- About this task
Using the records below, quote only the span that opens with the line containing "Norddeutscher Bund 14" and closes with the line containing "Austria / Österreich: 10", exactly and inclusively.

- Information provided
=-=-=-=-=
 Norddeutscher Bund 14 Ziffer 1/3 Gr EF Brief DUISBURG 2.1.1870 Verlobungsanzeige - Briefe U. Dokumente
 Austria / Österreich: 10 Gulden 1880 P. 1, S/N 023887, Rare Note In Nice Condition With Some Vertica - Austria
=-=-=-=-=
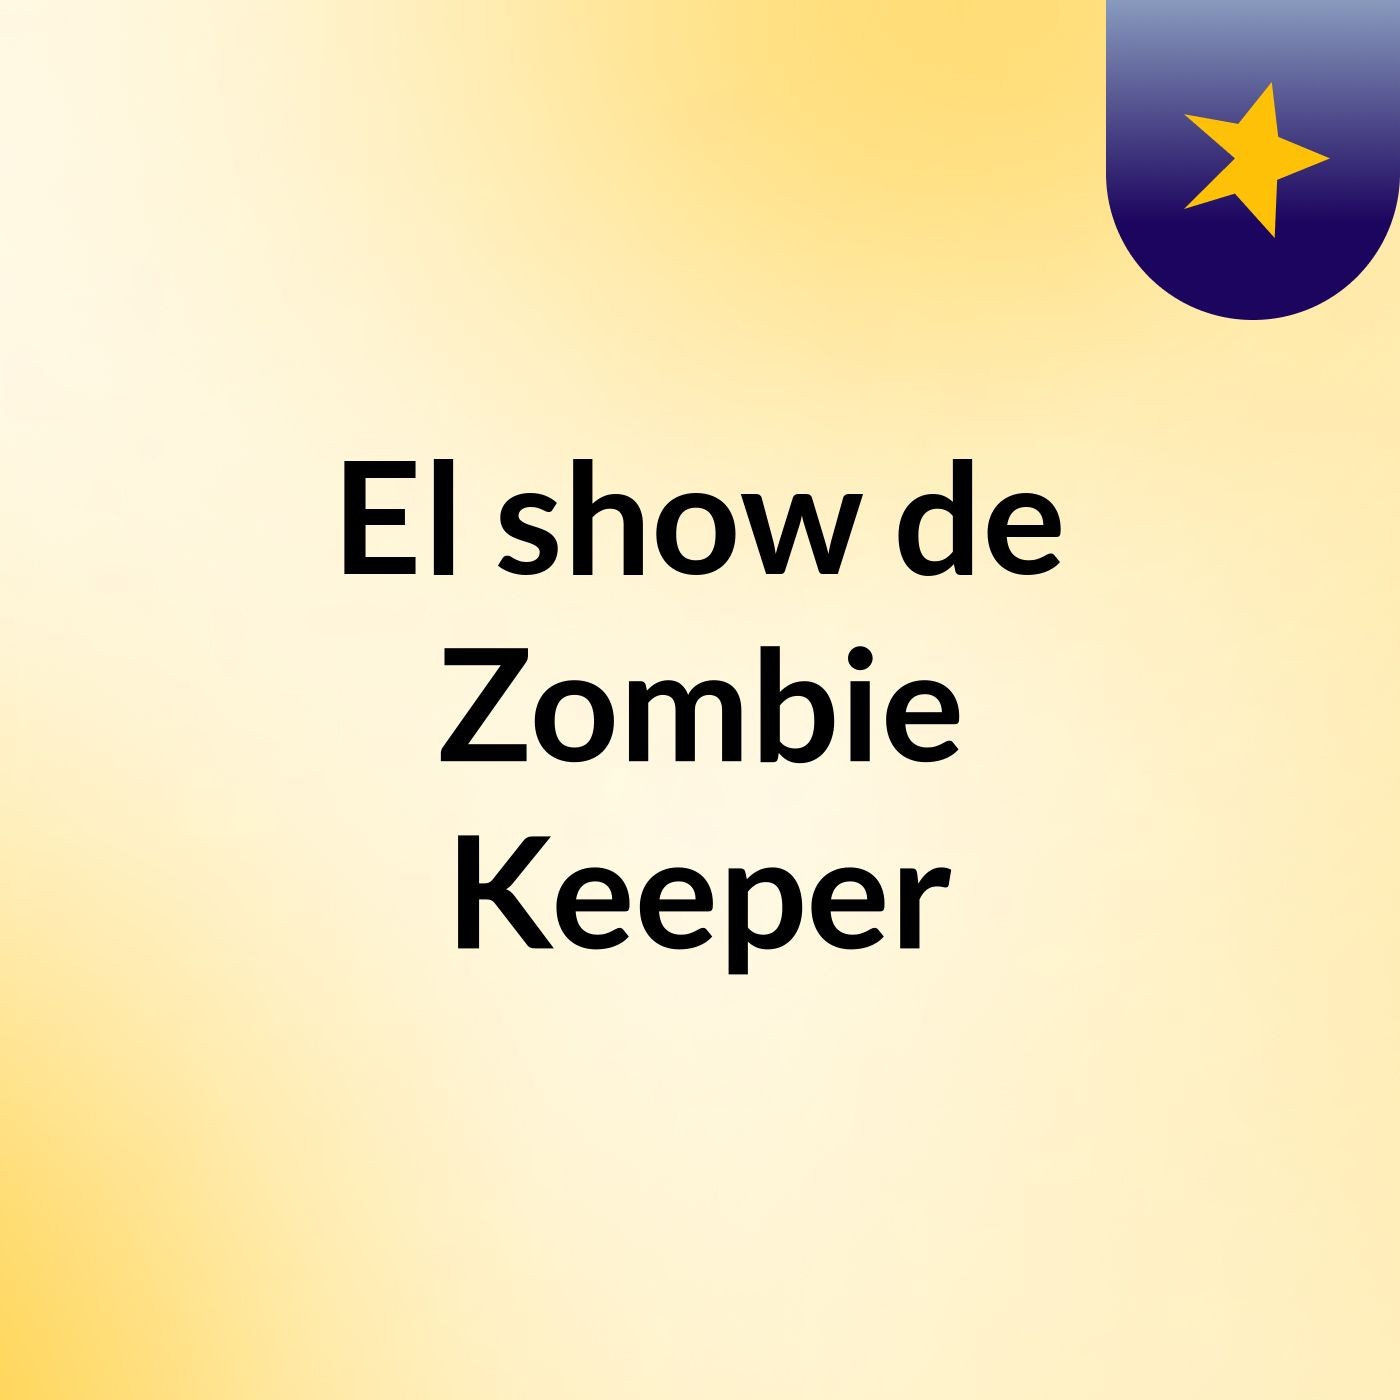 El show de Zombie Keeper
=-=-=-=-=
- Solution
 Norddeutscher Bund 14 Ziffer 1/3 Gr EF Brief DUISBURG 2.1.1870 Verlobungsanzeige - Briefe U. Dokumente
 Austria / Österreich: 10 Gulden 1880 P. 1, S/N 023887, Rare Note In Nice Condition With Some Vertica - Austria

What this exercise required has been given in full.